# How To Write Code For The Touch Board

## The Touch Board can be easily reprogrammed with the Arduino IDE and in this tutorial, we'll walk you through how the code works and how to write your own code!

We provide a range of sample codes for the Touch Board that you can simply upload to the board. But if you want to write your own code there are some things to consider. In this tutorial we're going to break down the code and explain how the code works. This is not a comprehensive introduction into coding, for this we would recommend checking out Arduino's learning resources.

If you have never programmed before, continue reading below as we'll give you a crash course in programming that you can follow along on your Touch Board. If you have programmed before, you can skip to the next part.

## Learn how coding works

The fundamentals of programming are variables. A variable can be seen as a container that can have different values, for example

`a = 2b = 3`

where a and b are variables that contain a number. You can use these variables to do computations, for example

`x = a + b`

and the result would be that the variable x = 5.

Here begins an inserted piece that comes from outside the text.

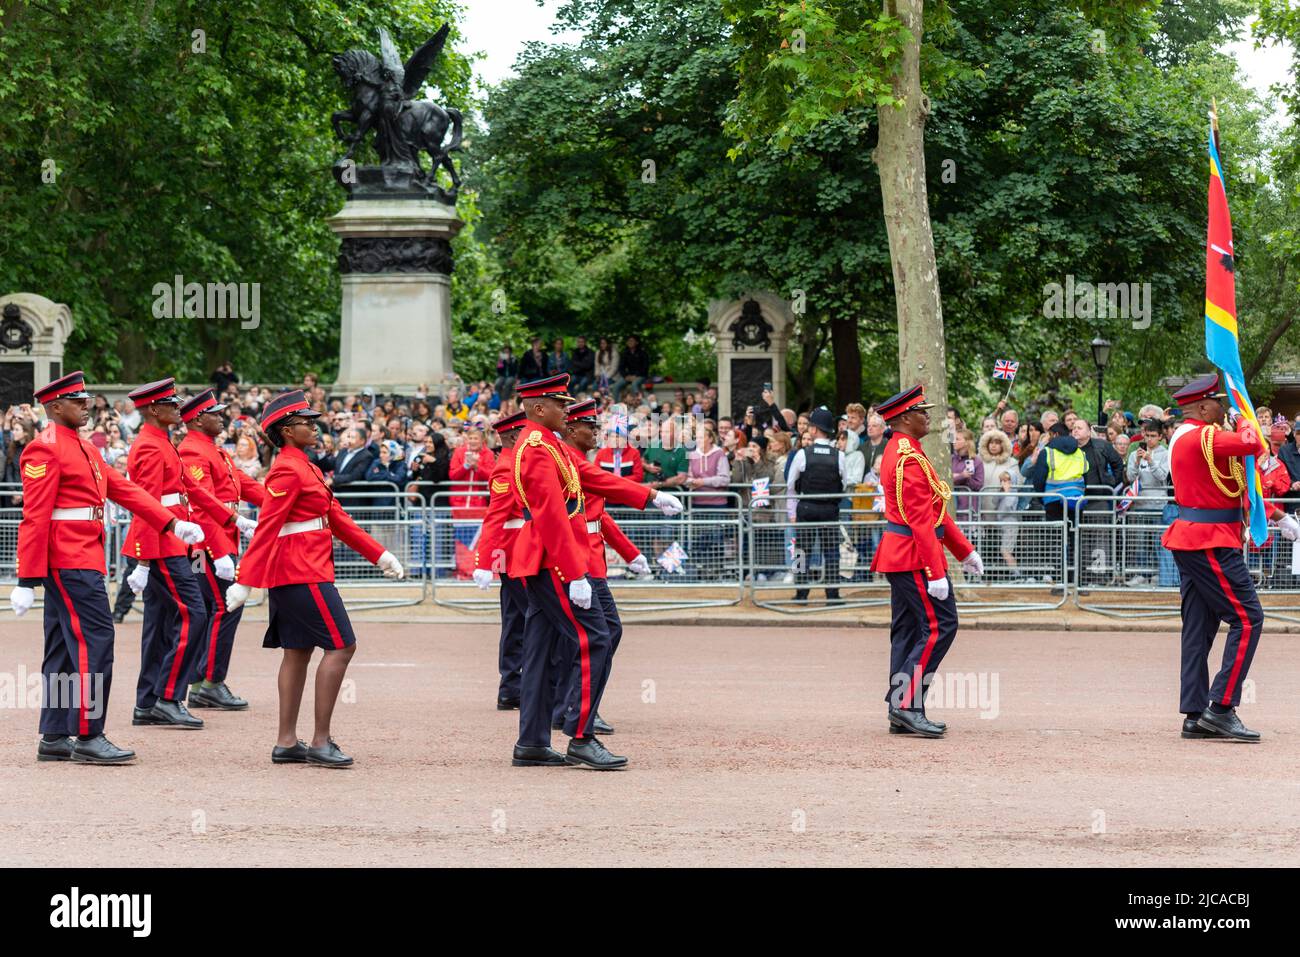 Eswatini group marching in the Commonwealth section of the For Queen and Country act of Platinum Jubilee Pageant, The Mall, London Stock Photo

In order to register events in code, programmers like to use if statements. The idea is simple: "if a condition is true, then the following happens; else, something else happens". And this is also where variables play an important role. So for example

`if (x == 5) { "x is equal to 5"} else { "x is not equal to 5"}`

Here we are checking if x is equal to 5 and if it is true, then we write out "x is equal to 5". We know that x is equal to 5, because x = a + b = 2 + 3 = 5. If we change the value of either a or b, for example a = 3, then x wouldn't be equal to 5 anymore and our if statement would output "x is not equal to 5".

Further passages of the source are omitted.